Anna Mazur came, and I told her that the price for her included punching a Russian called Natasha and explaining to a young Nick Hayes that he was being fooled by a beautiful woman, something which on this particular occasion he should avoid. I let her know that the way would be blocked, told her how to escape, and let her know that I remembered that she already had.
Slowly the cavern emptied, its travellers all departed with only two remaining. Mia and me. We both stood there in the winter of 2010, gazing at our dimly warped reflections on the two silvery tubes that hid our trails.
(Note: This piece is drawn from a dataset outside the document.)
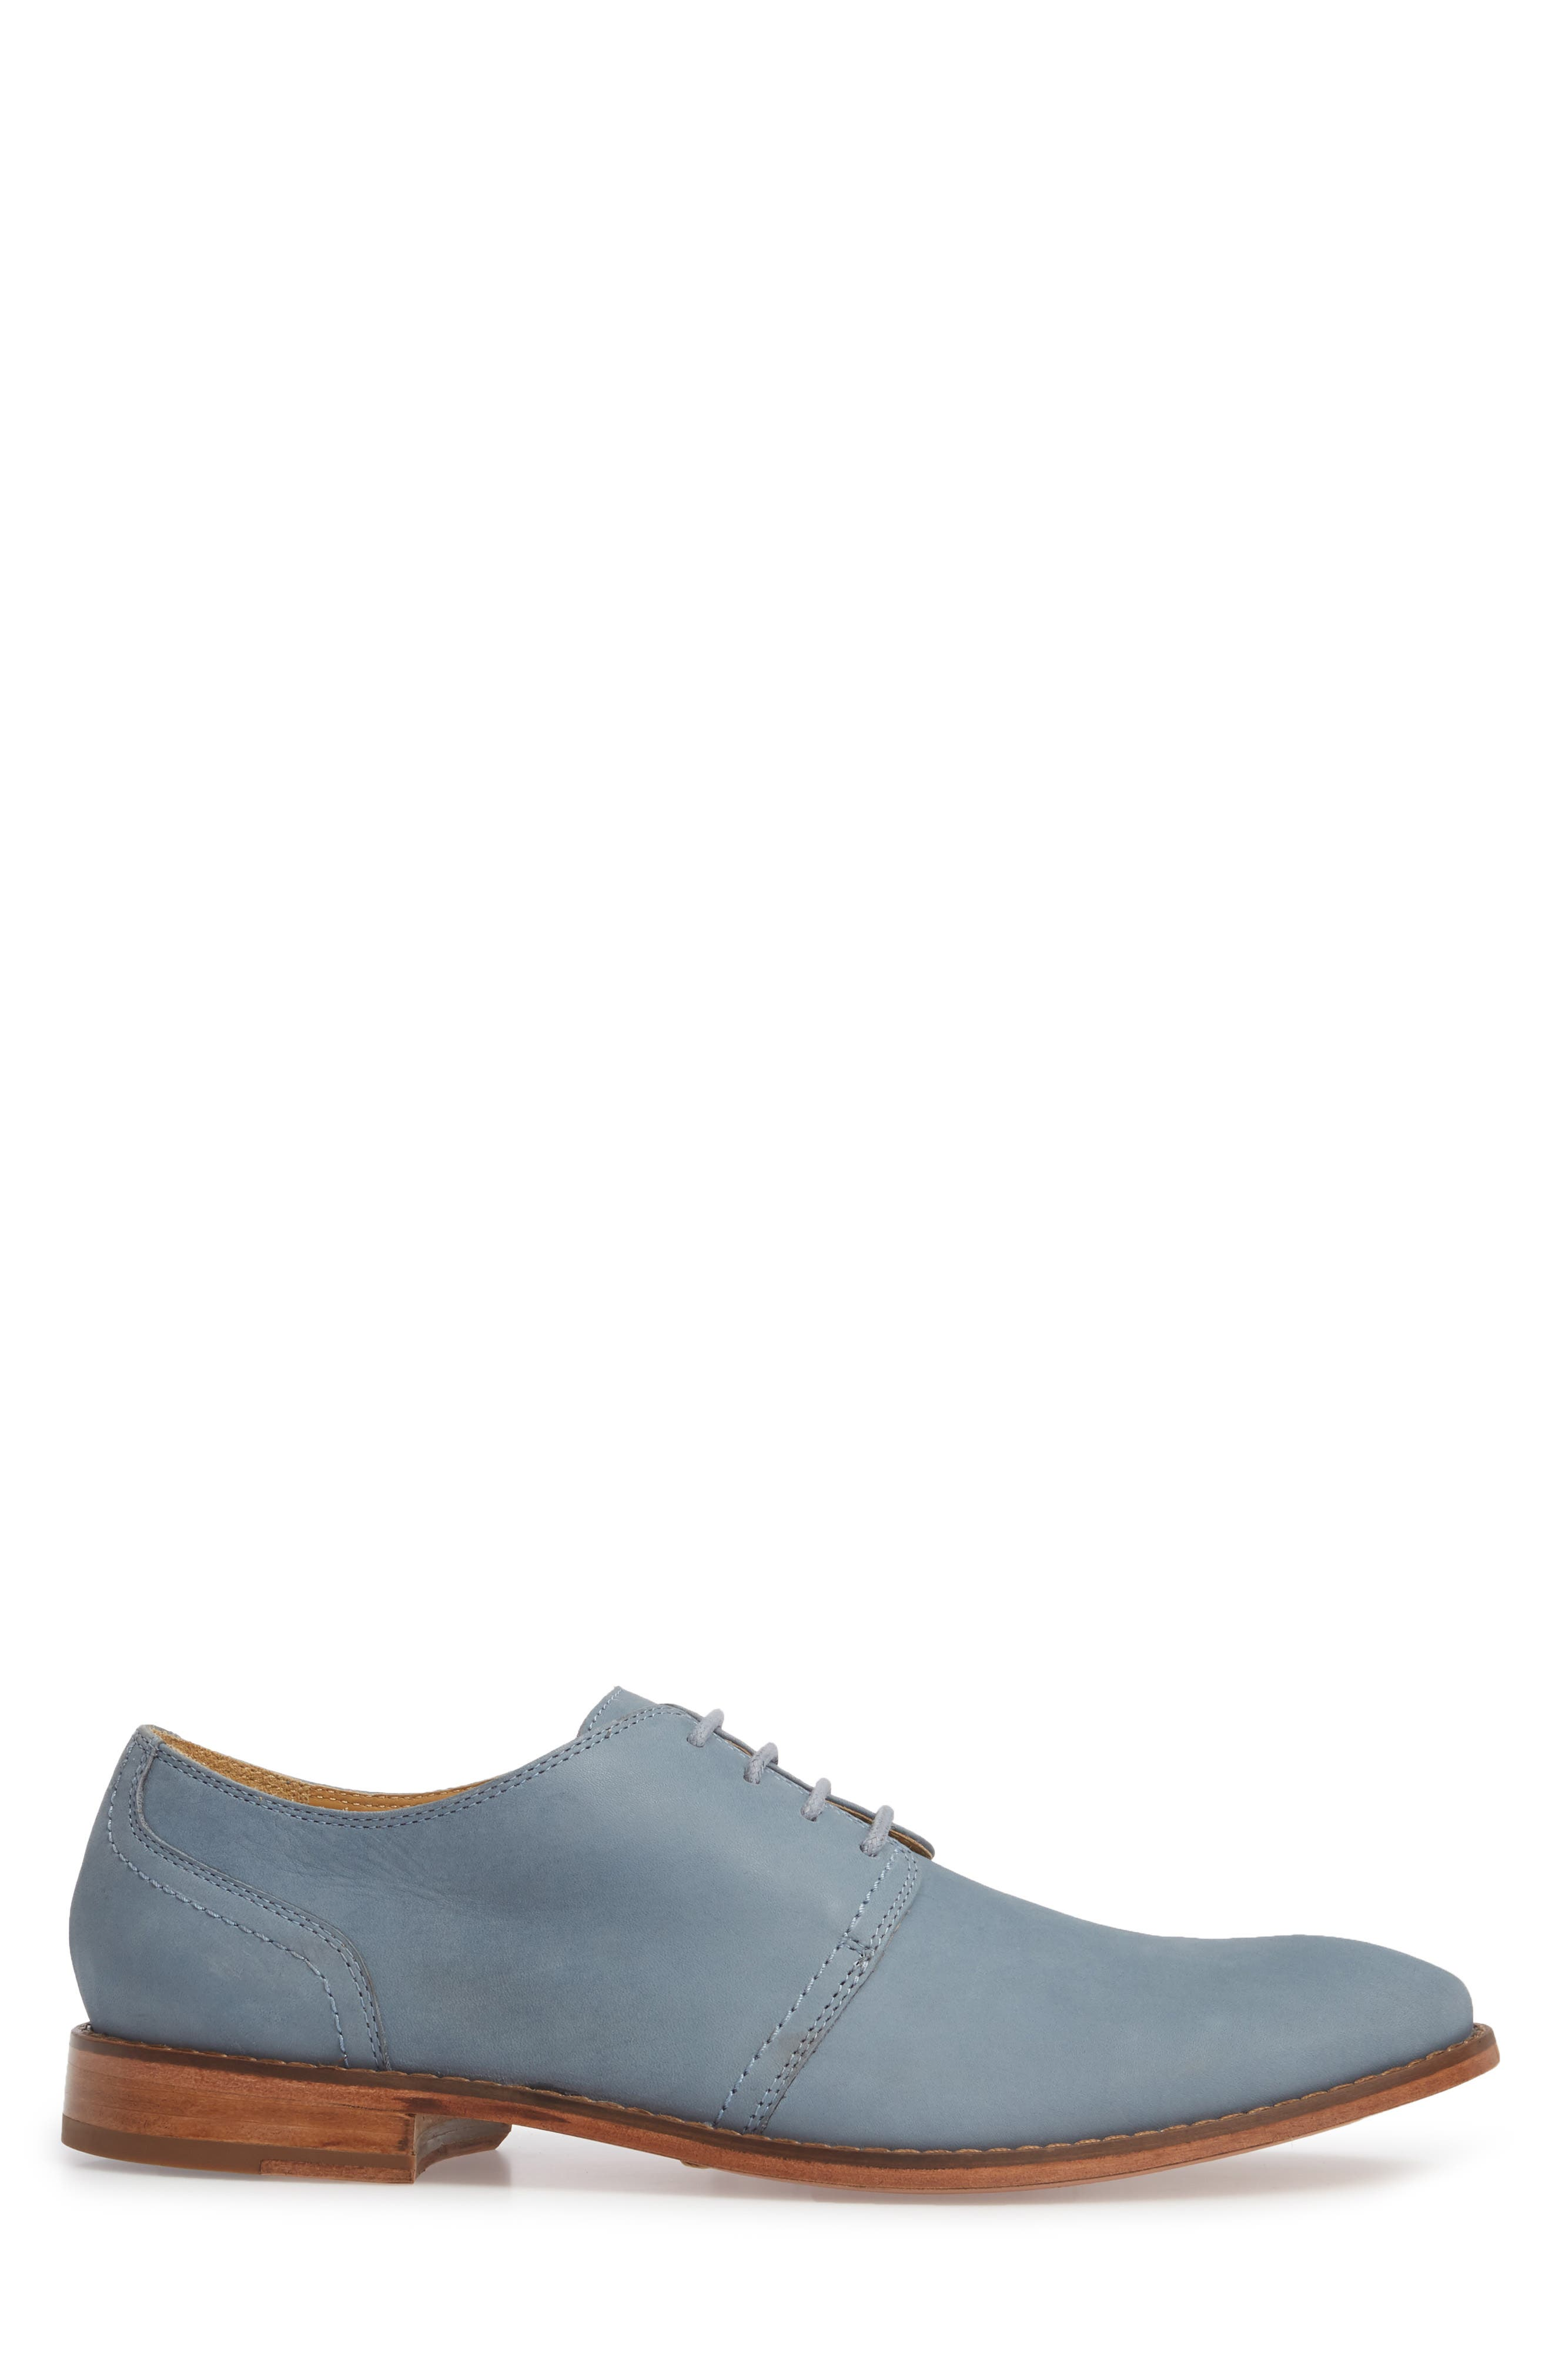 Caan Plain Toe Derby,                             Alternate thumbnail 3, color,                             Flint Stone Leather
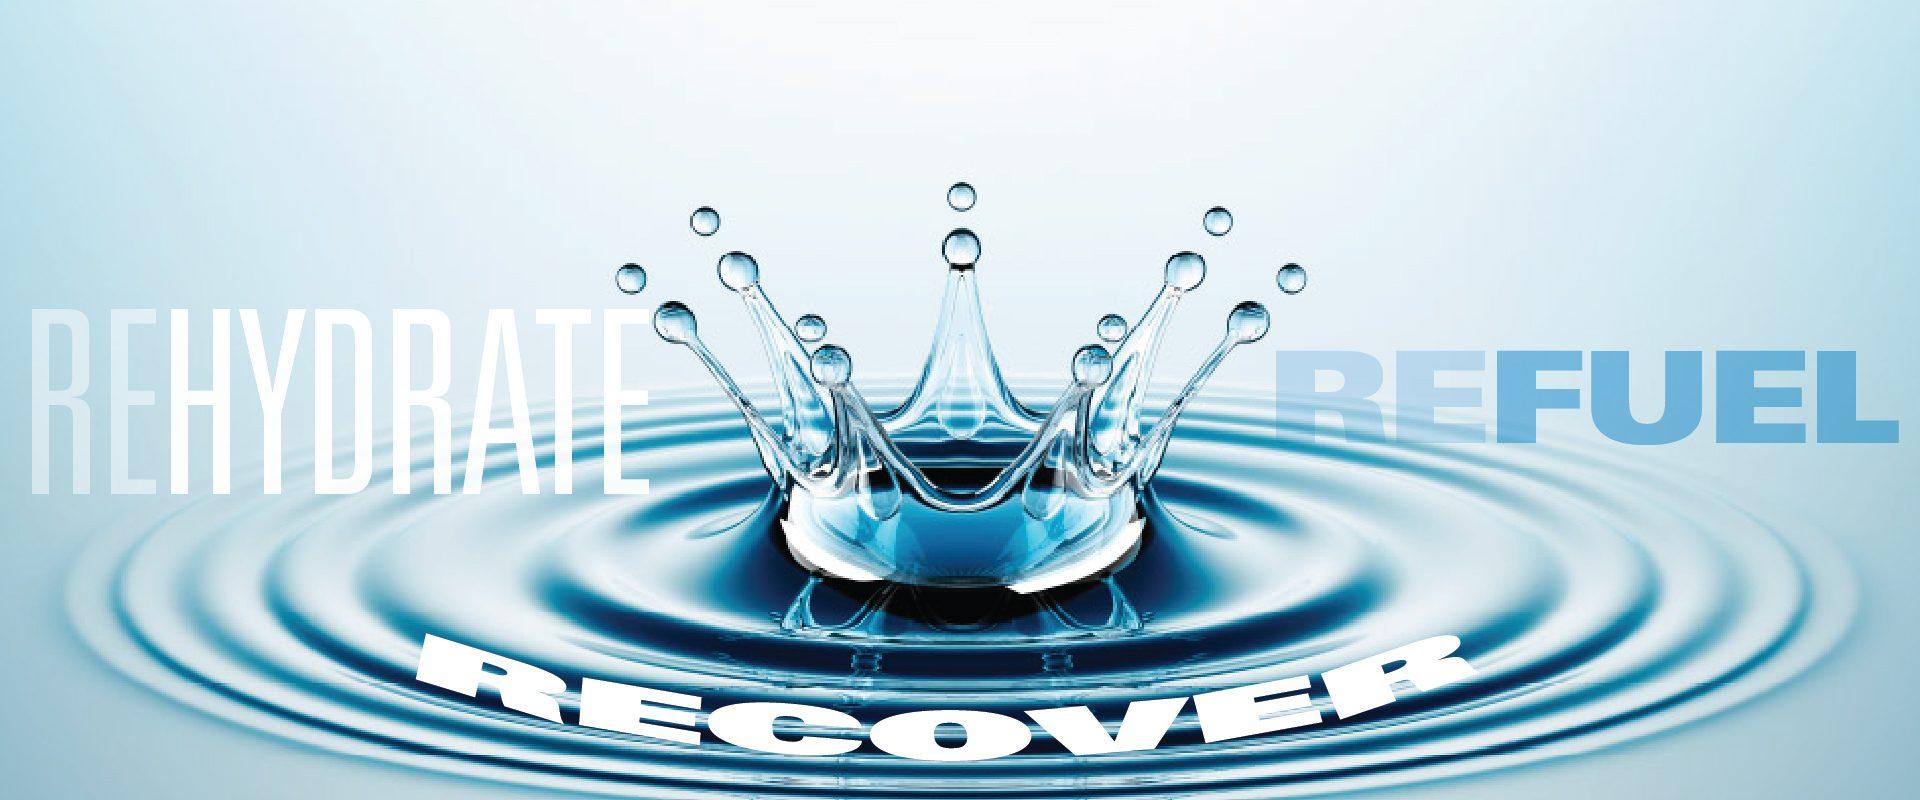 Vitargo REhydrate REfuel Recover

By our feet lay the clothes of a rich old man, our last customer, piled before us on the shoes he had so recently stood in.
‘So that’s that then,’ I said.
‘Seems to be,’ she said.
I took her hand. ‘I don’t want to go back.’
‘I don’t want you to.’ She made a smile for me. ‘I forbid it.’
We had run around the circles of this conversation too often. It made us both sad. ‘By this time next year we’ll only be a few weeks from being free of all this. You just have to stay safe until then.’ Without the accident, there would be no point in going back. I wouldn’t need the recordings of Mia’s memories in order to restore her.
‘If we don’t go,’ Mia said, ‘then the paradox might destroy, well, everything.’
I said nothing as we made a slow retreat towards the elevator.
‘And the universe will try to kill us if we don’t go,’ Mia said. ‘Us personally. Like it did that man who didn’t want to go back and be a singer.’
‘Ellery,’ I said.
‘Yes, him. Killed in the room above us with a lump of the ceiling!’